Dan had struck into,

“No surrender to the foe! Shout the cry where’er you go. Falter never! we must win, No surrendering to sin. No surrender! Let it be Battle cry for you and me. God will help us, He is near, He is with us, do not fear.

“No surrender! then at last All our conflicts over-past, Glad will be our welcoming To the city of the King. Forward, then! fall into line! Bright the conqueror’s crown will shine. Storm the camp of sin and wrong, Sweet will be the victor’s song.”

“I ain’t sure but we’d better enlist,” said Joe, half-laughing, but drawing his sleeve suspiciously across his eyes. “I never thought much of psalm-singing an’ new doings; but when you see they’re good for something—I tell you what: if Vance says anything more about our going to church, I’m his man. I believe I’ll try a hand at that myself.”

VIII.

THE WONDERFUL BOOK.

“These were more noble than those in Thessalonica, in that they received the word with all readiness of mind, and searched the Scriptures daily, whether those things were so.”

“Aunty McFane is real sick,” whispered Dick to Sue Sherman in the Sabbath School class. “I stopped there this morning. The doctor says she can’t live a great while.”

“I’m so sorry. Who is with her?” asked Sue, her face full of real concern.

“Judy Ryan. Father has hired her to stay all the time. Isn’t it nice?”

“Splendid! Judy is so neat,—and she likes what Aunty McFane likes.” Sue added the last in a still lower whisper.

“I know,” said Dick. “She had just been reading a chapter in the Bible out loud, and Aunty McFane said there was a promise for every ache she had. Isn’t it funny,” he continued, turning to Miss Marvin, “that folks just as different as can be find exactly what they want in the Bible?”

“It was provided for everybody by One who knew all hearts,” rejoined Miss Marvin; “and the more we study it, the more wonderful it seems. I remember reading once about a silver egg, prepared as a present to a Saxon queen. You opened the silver by a secret spring, and there was found a yolk of gold. You found the spring of the gold, and it flew open and disclosed a beautiful bird. Press the wings of the bird, and in its breast was found a crown, jewelled and radiant. And within the crown, upheld by a spring like the rest, was a ring of diamonds which fitted the finger of the princess. ‘So,’ said the author, ‘there is many a promise within a promise, in the Bible, the silver around the gold, the gold around the jewels; and too few of God’s children ever find their way far enough among the springs to discover the crown of His rejoicing or the ring of His covenant of peace.’”

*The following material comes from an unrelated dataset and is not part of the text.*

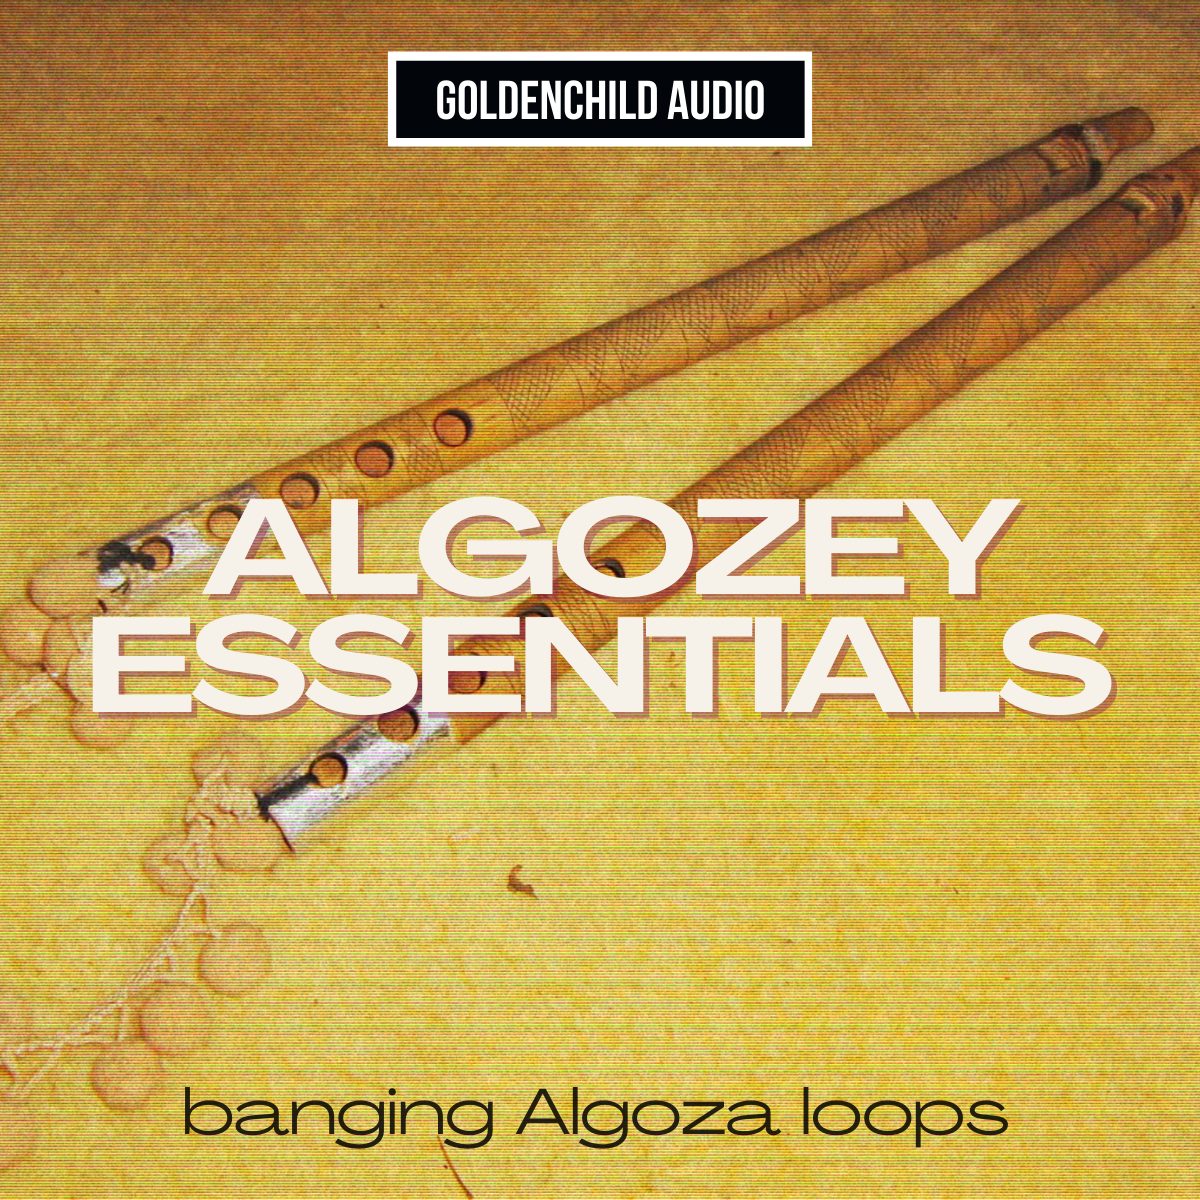 algozey essentials by goldenchild audio

“There are great minds who don’t believe a word of the Bible,” said Will Carter.

“Yes; but in spite of all these great minds can do and say, men, women, and children go on, year after year, finding comfort, happiness, and help, as well as eternal life, in its pages.”

“Oh! it’s all well enough for poor, low, ignorant people, who haven’t any other comfort,” rejoined Will, carelessly.